I noticed on Mikes web site that they seem have recieved another shipment and have most of the sizes in stock now.

While checking around the web today, it seems that these Figurados rate higher than the other sizes and shapes.

At a $1.40 a stick they beat out cigars costing five times as much in the Full Bodied review.

It is easy to find great cigars for $10.00 or more a pop, but if these are as good as I've read, they will be quite a bargain.

I'll let you guys know after I smoke one tonight. Hope the RH% on these is 65%-70%


----------



## NCRadioMan (Feb 28, 2005)

Zoomschwortz said:


> As far as having a truck load of them. I don't believe that is true. When I called in my order, I wanted something along the lines of a Churchhill but I was told they were out of everything except the Gourmet Figurado's.


You do know these come from JR's? They are one of Lew's creations. They have tons of these as I was in the store a few weeks ago. They have always had a ton of these. Cigar magazine is just a shill rag for Lew, btw. You did get a good price.

http://www.jrcigar.com/index.cfm?page=cigars

http://www.jrcigar.com/index.cfm?page=cigars

http://www.jrcigar.com/index.cfm?page=cigars

:ms NCRM


----------



## steelheaderdu (Aug 18, 2006)

I had one of these the other day, bought a couple after reading the review in cigar magazine.

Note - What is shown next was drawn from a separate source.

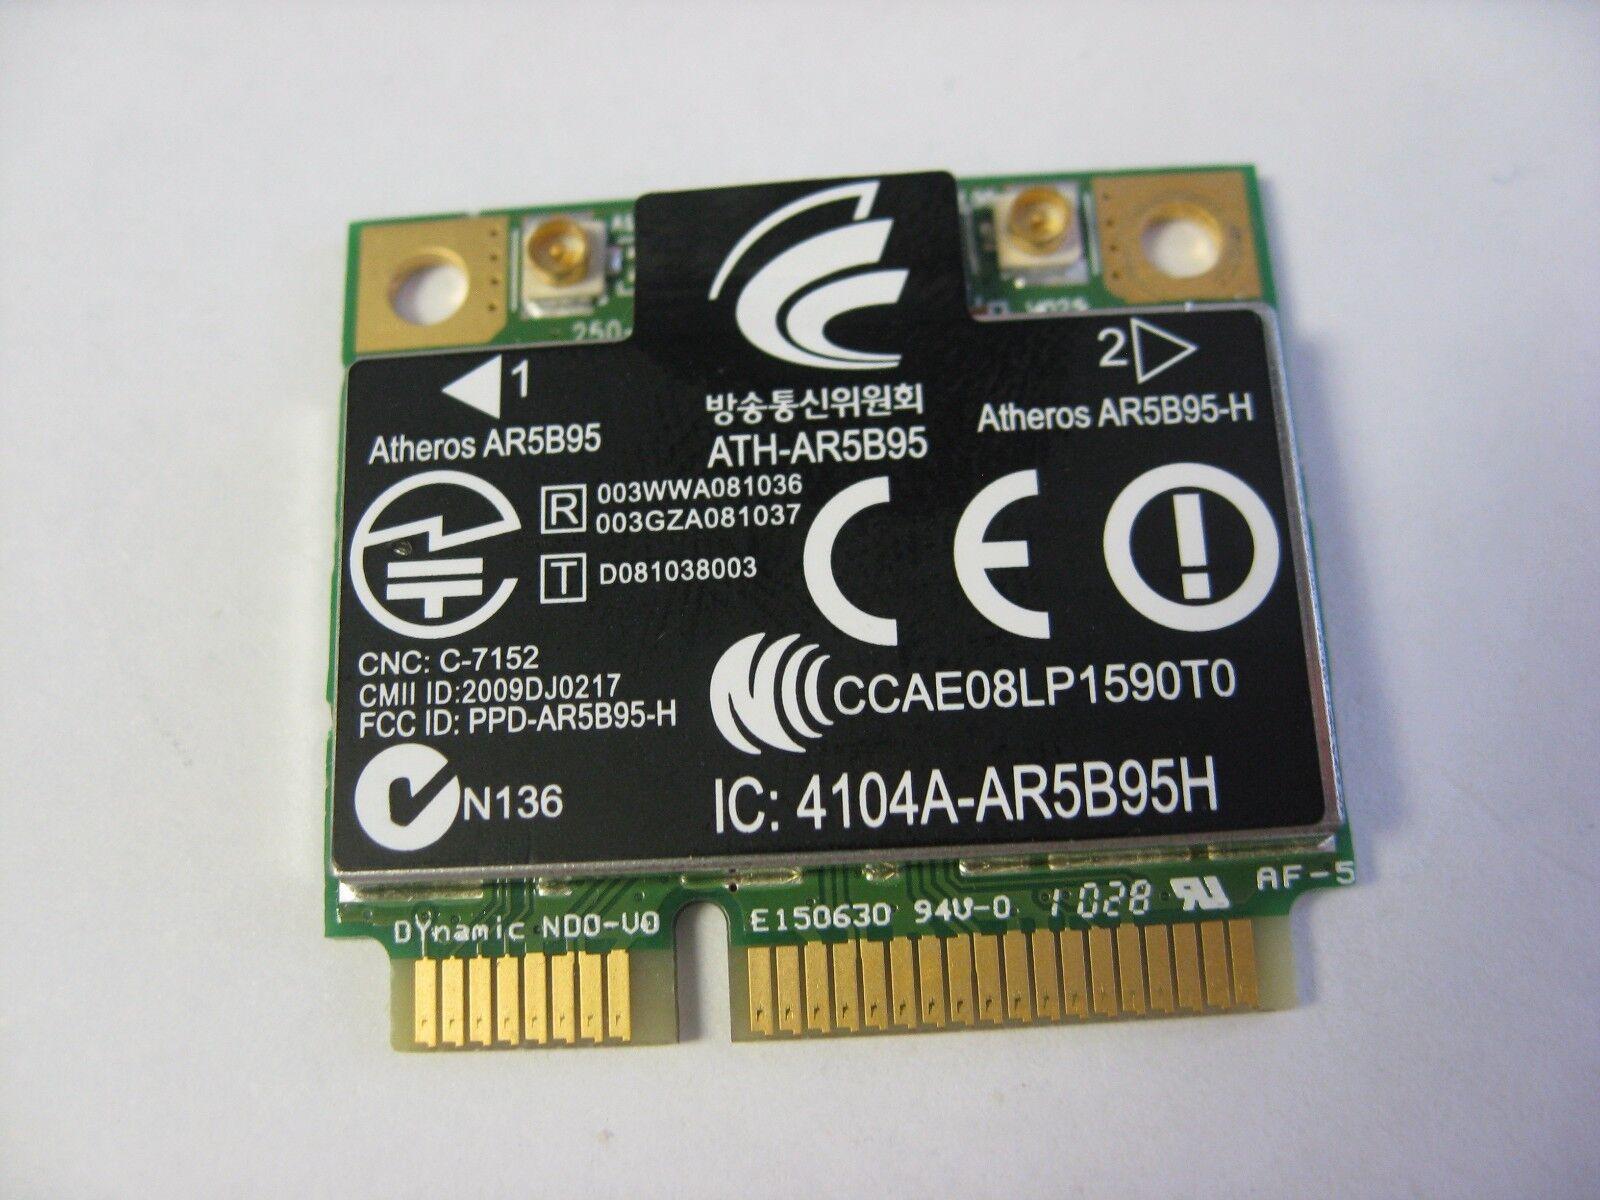 USB 2.0 Wireless WiFi Lan Card for HP-Compaq Presario SR5250CF

I wouldn't EVER buy them again. Total garbage. Wrapper looks terrible, difficult to describe but fake. Maybe I'll try to take a closeup picture tonight and post it. It feels as though the wrapper has separated from the filler. Miserable.


----------



## Corona Gigante-cl (Sep 8, 2005)

Zoomschwortz said:


> ... When I opened the free issue of Cigar Magazine I was very happy to see that this exact cigar had been rated and ranked #1 for the full bodied cigars...


No kidding! 

Seriously, I hope you enjoy them. The price is certainly right!


----------



## Zoomschwortz (Jul 14, 2006)

NCRadioMan said:


> You do know these come from JR's? They are one of Lew's creations. They have tons of these as I was in the store a few weeks ago. They have always had a ton of these. Cigar magazine is just a shill rag for Lew, btw.
> 
> http://www.jrcigar.com/index.cfm?page=cigars
> 
> ...


I didn't know about JR's. Is JR and Mikes tied in together?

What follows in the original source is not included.